Cell numbers in clonogenic colonies arising from HLEC1 were further evaluated as described in Figures S4, S5 and S6, because the increased colonial area may not necessarily reflect the increased proliferation. Cell numbers in clonogenic colonies significantly increased at ≥2 Gy, and ranged from 50 cells/colony (i.e., criteria for a survivor in the colony formation assay) observed at 0, 0.5 and 1 Gy to 57,745 cells/colony observed at 6 Gy each of which corresponded to PDN 5.64 and 15.8, respectively (Figure 6A). Figure 6B clearly shows that irradiation greatly increases PDN of clonogenic cells during a period of 14 days for colony formation (e.g., PDN 12.6 at 6 Gy increased from PDN 10.0 at 0 Gy). This finding reinforces the observation that irradiation stimulates the proliferation of clonogenic cells, but the impact of irradiation on nonclonogenic cells was still unclear. To address this, the number of all cells outside clonogenic colonies (i.e., cells in abortive colonies or other nonclonogenic cells) was counted. Then, the changes in CPD of the whole population were reasonably evaluated (Figure 6C), such that CPD in sham-irradiated controls that actually increased after 14 days (>4) was not so different from that assumed given a population doubling of 66.6 h (<5). As a whole population, a replicative lifespan (∼17.1 CPD) was not exceeded irrespective of dose, and irradiation reduced population doublings. The CPD for HLEC1 was less reduced at high dose due to cellular proliferation in clonogenic colonies than WI-38 cells (Figure 6C), and this led to changes in the shape of the survival curve for HLEC1 (Figure 7).
Discussion
Here we have carried out the colony formation assay of two primary normal human diploid female fetal cell strains: HLEC1 lens epithelial cells and WI-38 lung fibroblasts.
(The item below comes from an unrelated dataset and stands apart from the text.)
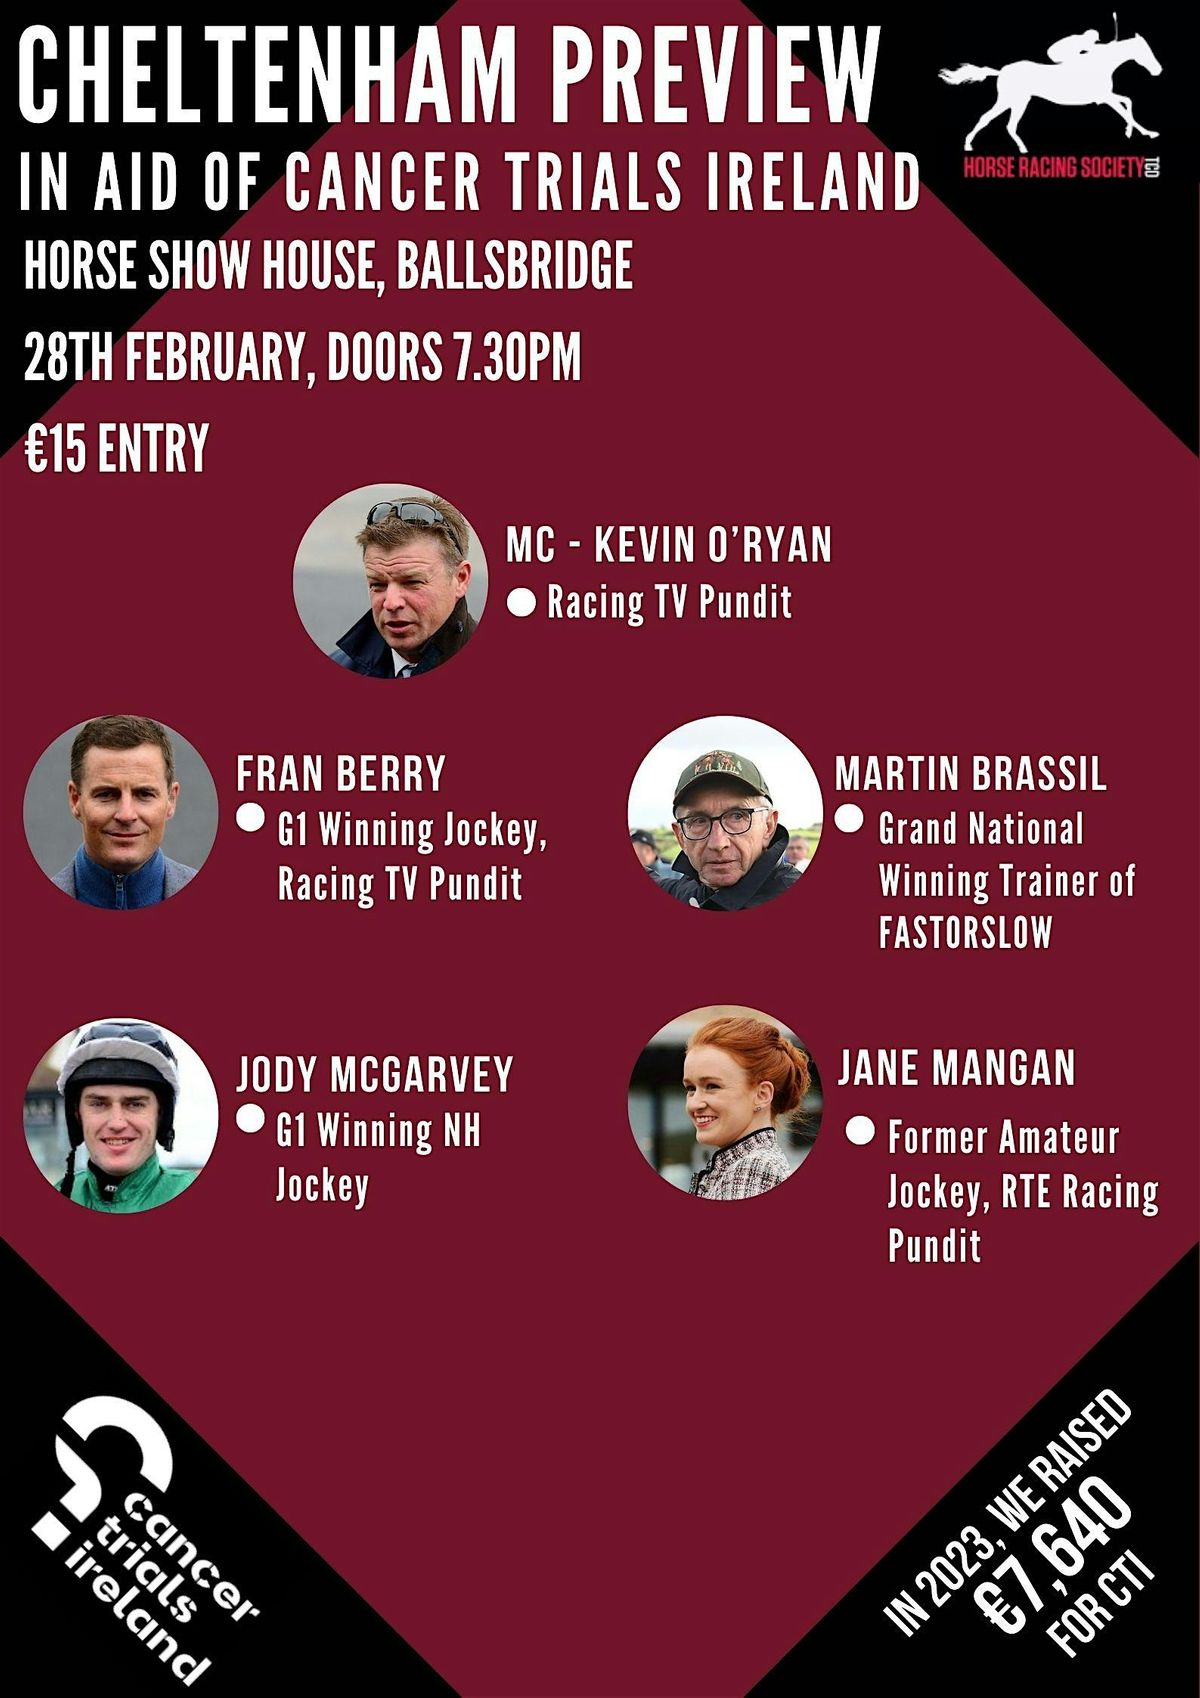 Cheltenham Preview Night in Aid of Cancer Trials Ireland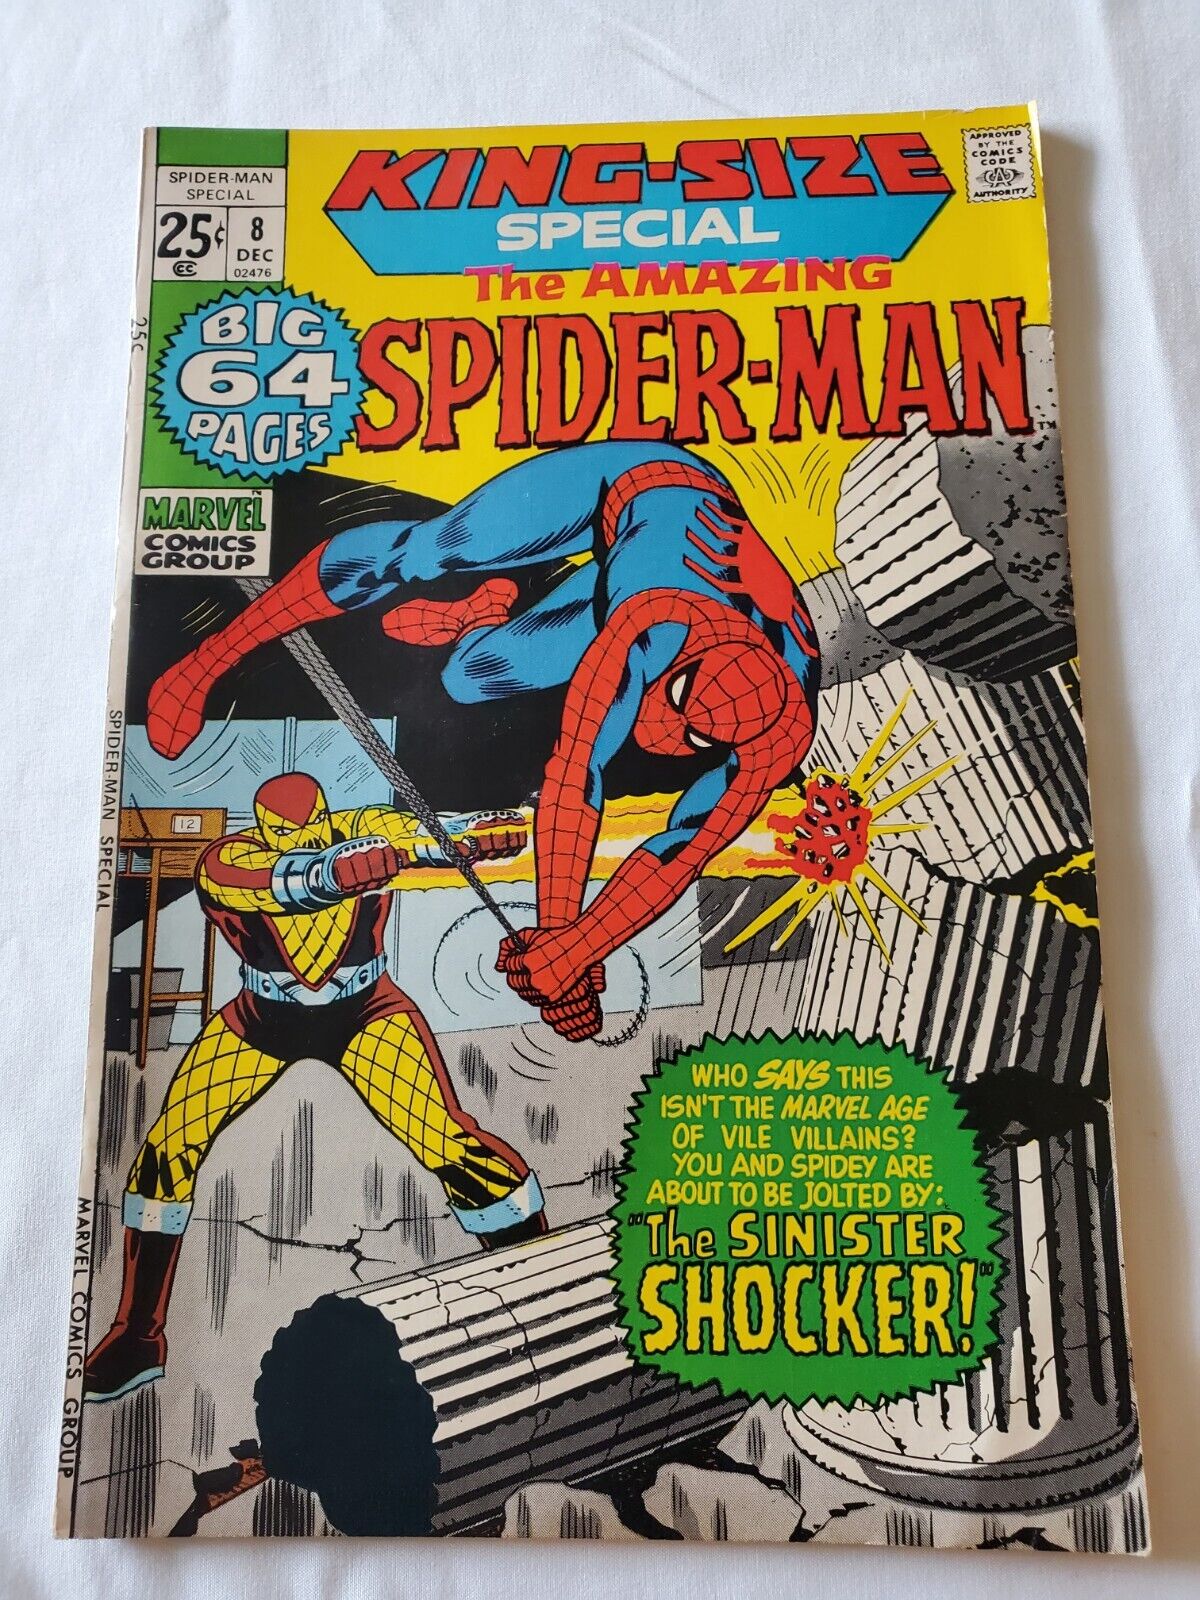 Rare 1971 Vol 1 Issue #8 King Size (Big 64 Pgs) The Amazing Spider-Man And...

HLEC1 had the lower plating efficiency than WI-38, but a difference in the clonogenic survival (colony number-based survival) between two strains was insignificant (Figure 3), indicating that the same dose inactivates the same fraction of clonogenic cells in both strains. For WI-38, the fraction and size of clonogenic colonies declined with dose to a parental cell (Figures 5A and S5), and a difference between the colony number-based survival and the cell number-based survival was insignificant (Figure 7). These findings conform to the general principle of the colony formation assay [12] and are also consistent with our previous findings obtained with AG01522D primary normal human diploid male nonfatal foreskin fibroblasts [16], [17], [18]. Intriguingly, however, the reverse held true for HLEC1. The area of clonogenic colonies and its cell numbers escalated significantly at ≥2 Gy (Figures 5A and 6A), and the “large” colonies explained nearly one-third of all clonogenic colonies at 4 and 6 Gy (Figure 5B). It is evident from these findings that irradiation stimulates the proliferation of surviving uninactivated clonogenic cells. Findings obtained with HLEC1 are discussed in more detail below.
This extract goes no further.